WORK INSTRUCTIONS → Give back each line of the data exactly as it reads, minus the pictures.
(COLLECTED DATA Opens)
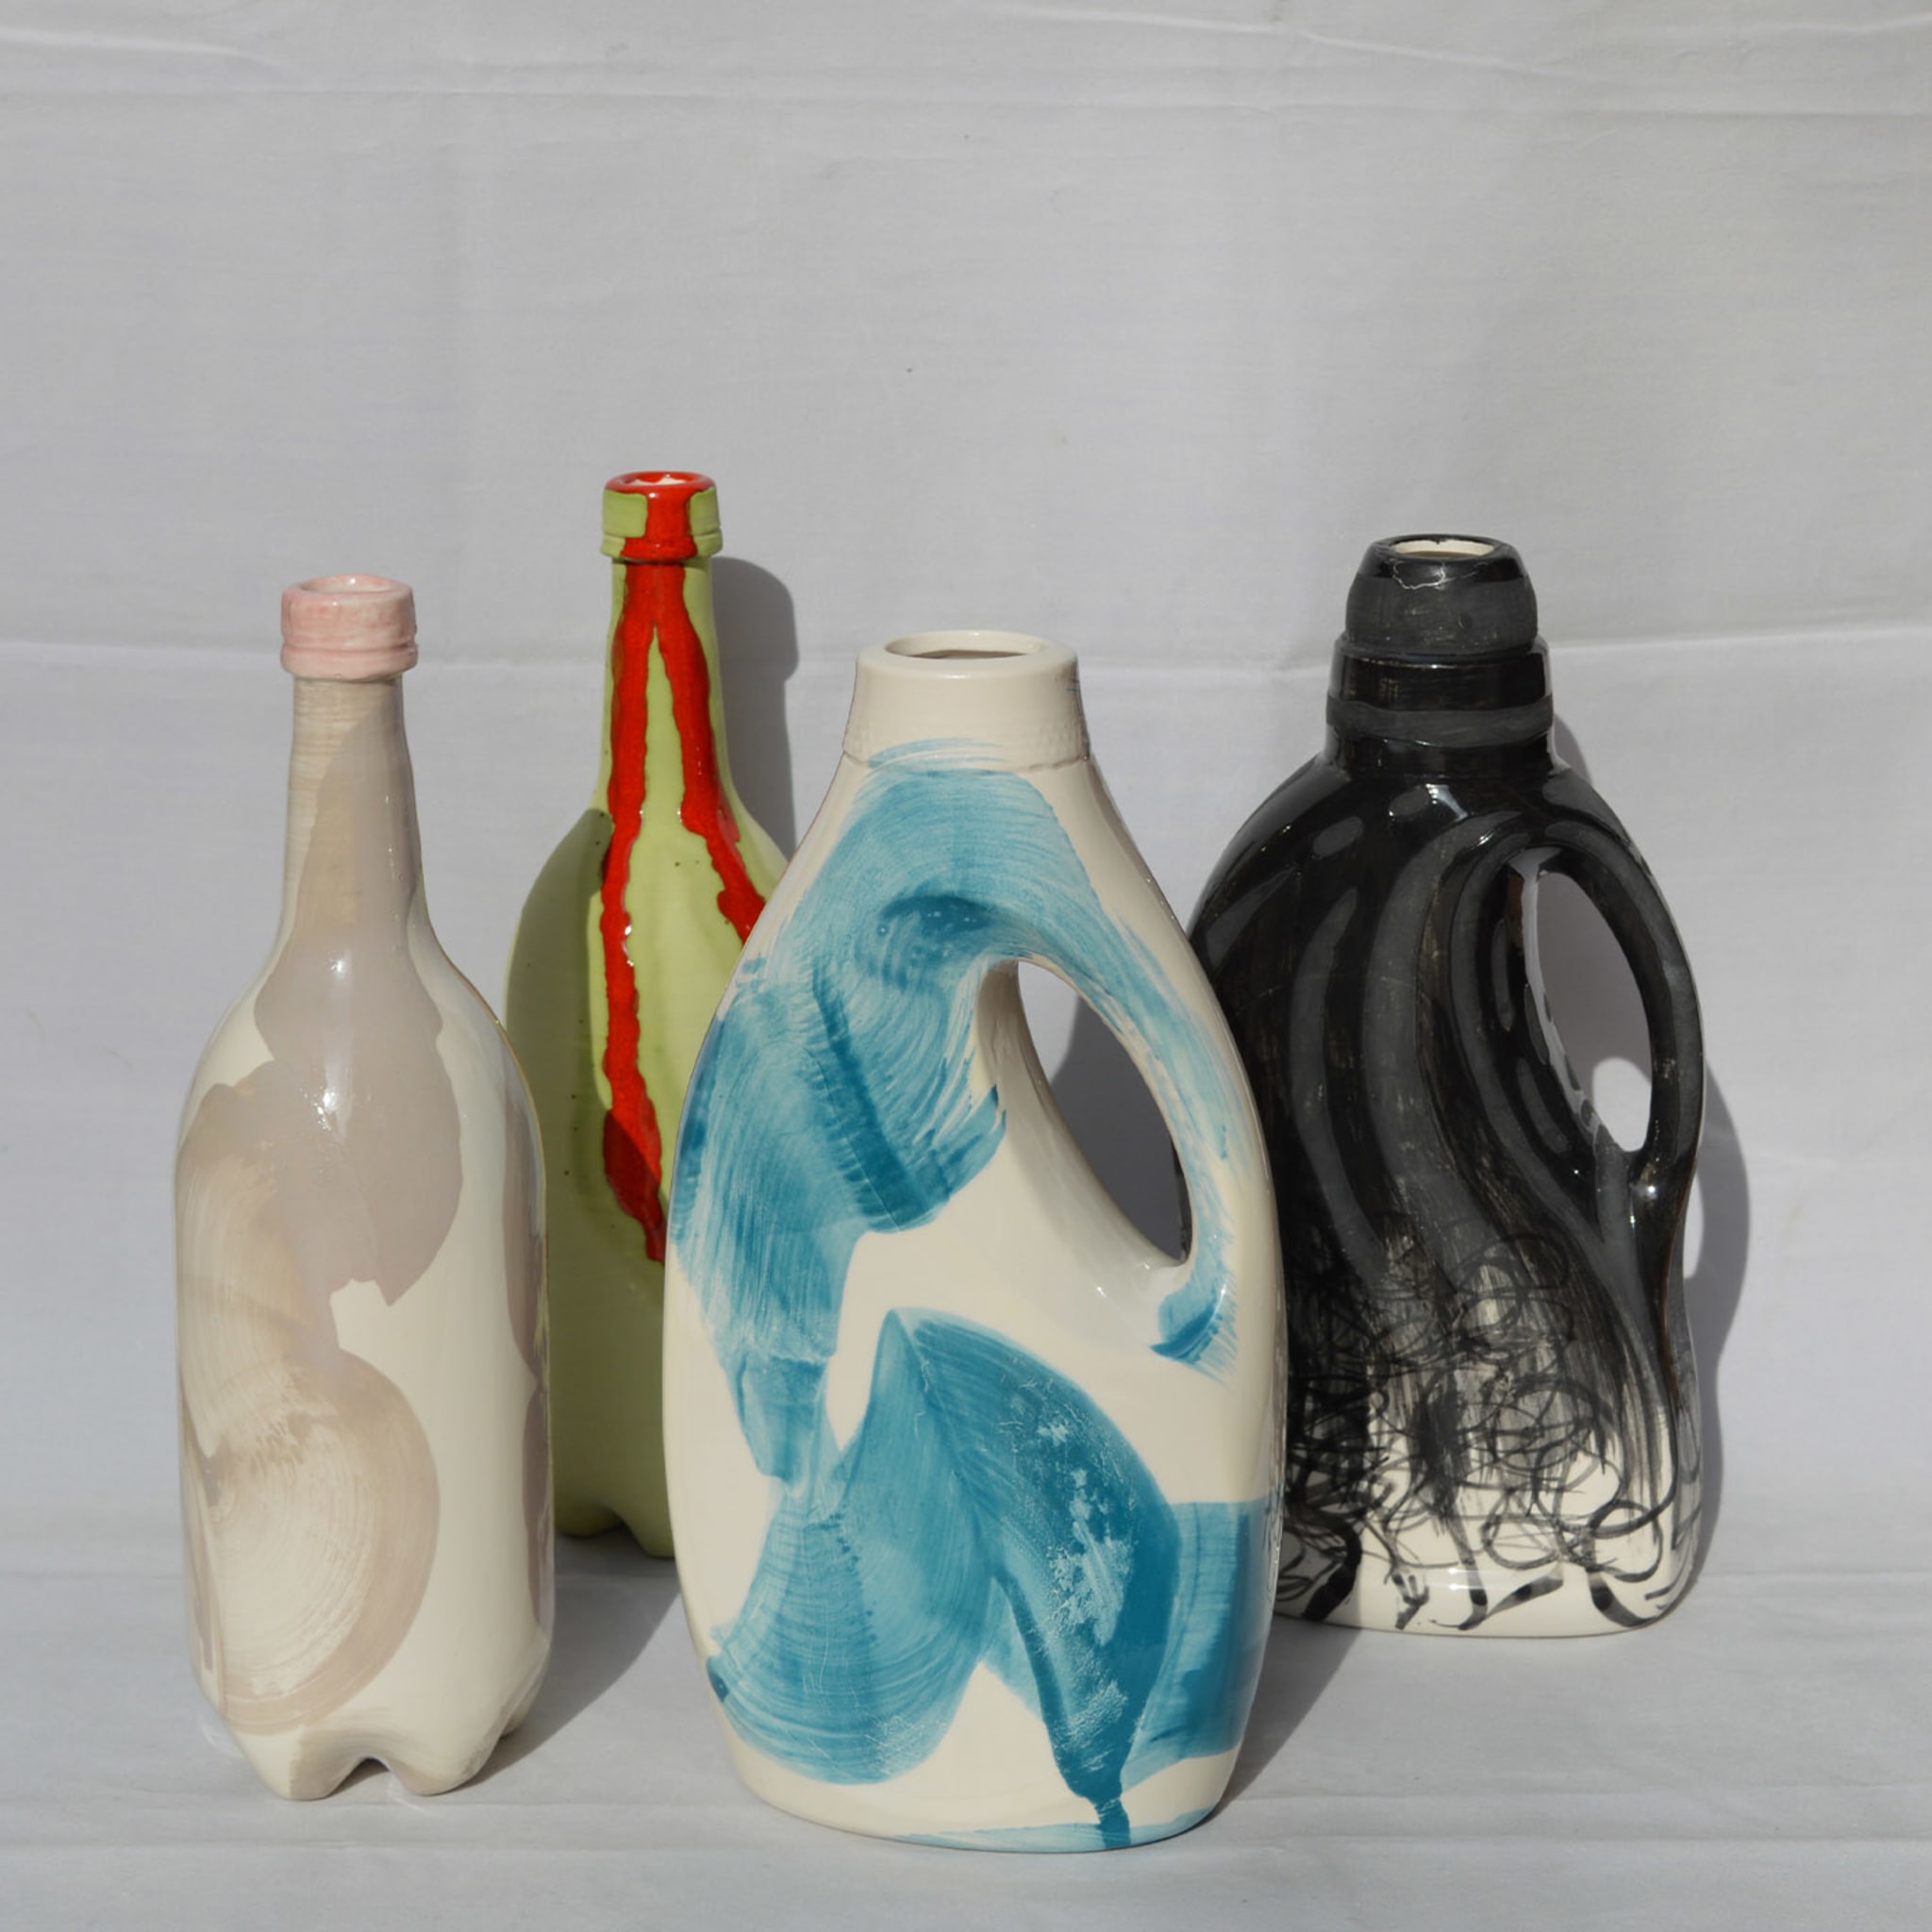 More Clay Less Plastic White and Blue Bottle - Alternative view 1
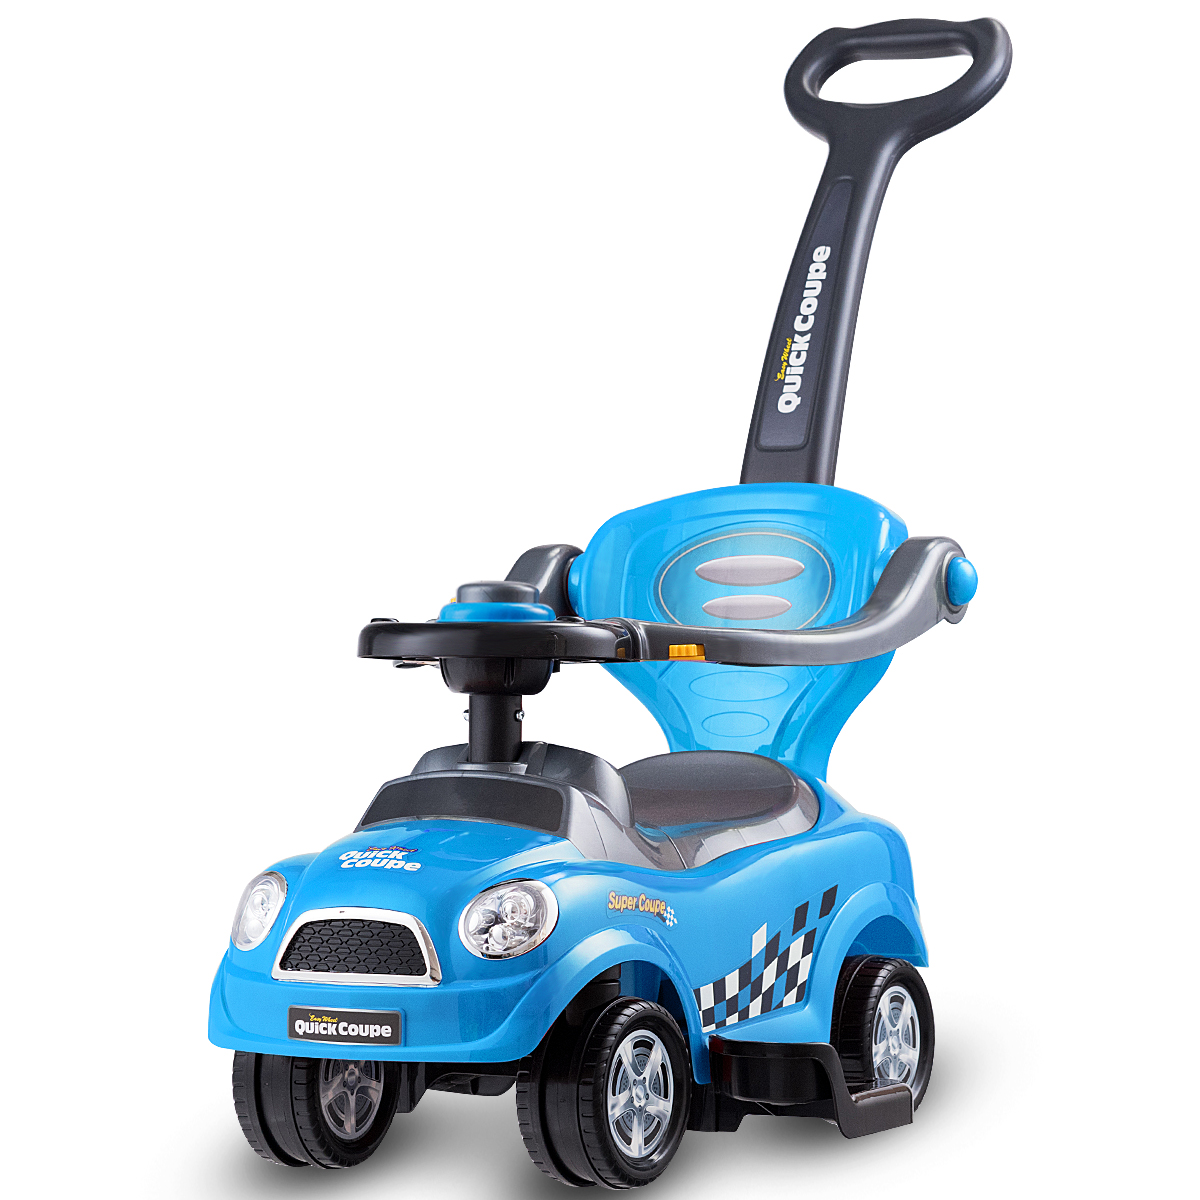 Kids 3 in 1 Ride on Car with Push Handle-Blue
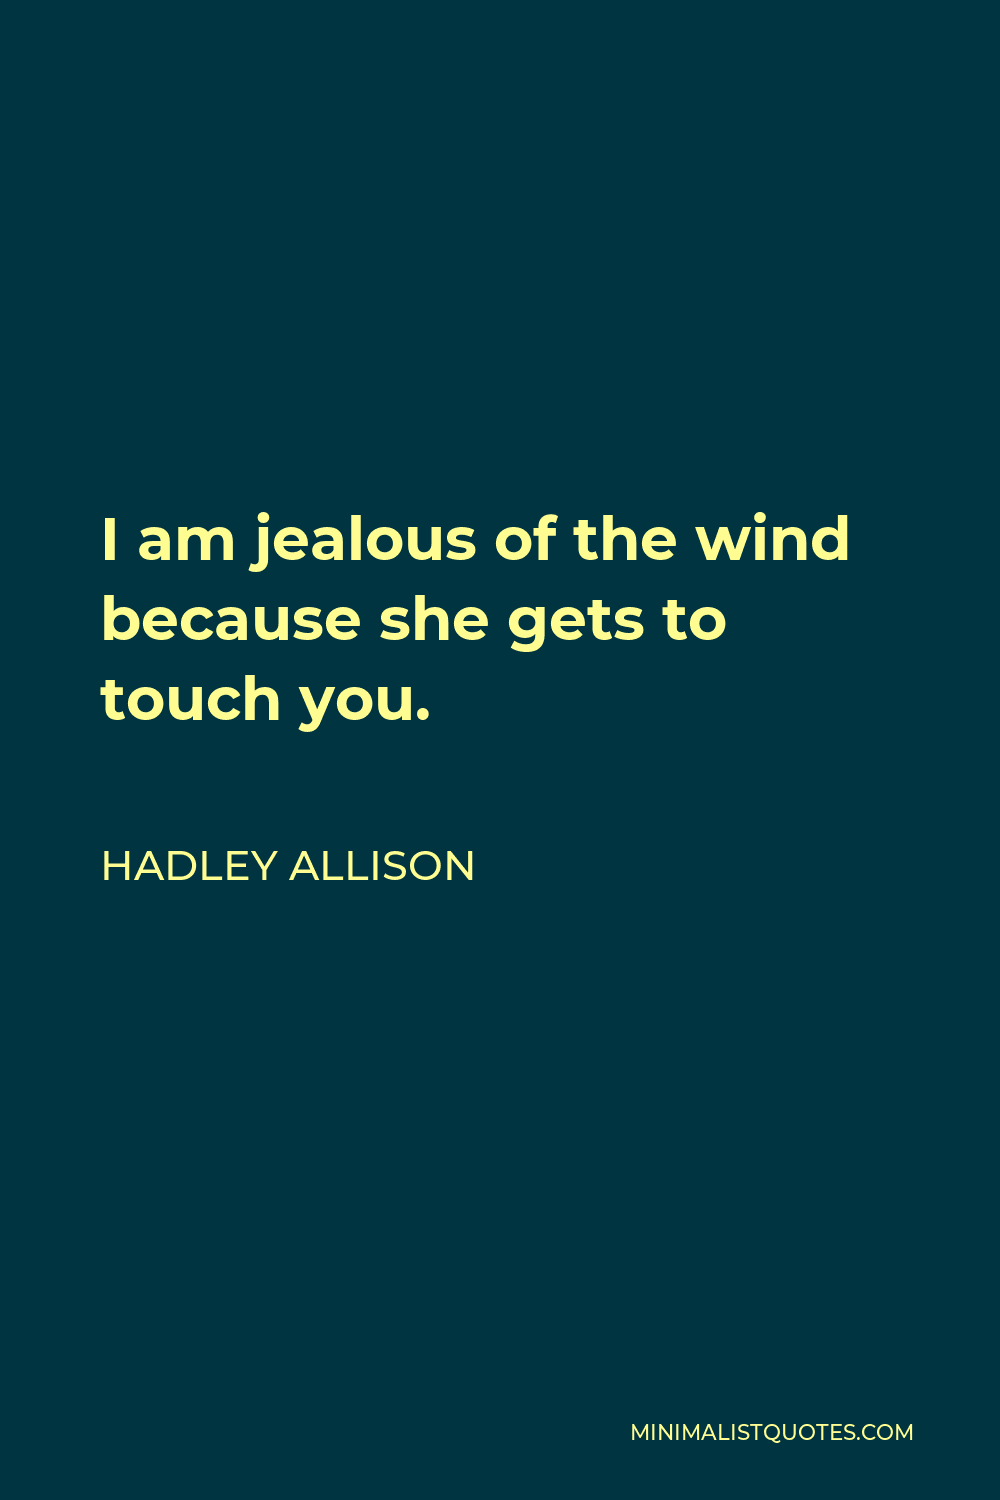 Hadley Allison Quote - I am jealous of the wind because she gets to touch you.
(COLLECTED DATA Closes)
ANSWER SPACE →
 More Clay Less Plastic White and Blue Bottle - Alternative view 1
 Kids 3 in 1 Ride on Car with Push Handle-Blue
 Hadley Allison Quote - I am jealous of the wind because she gets to touch you.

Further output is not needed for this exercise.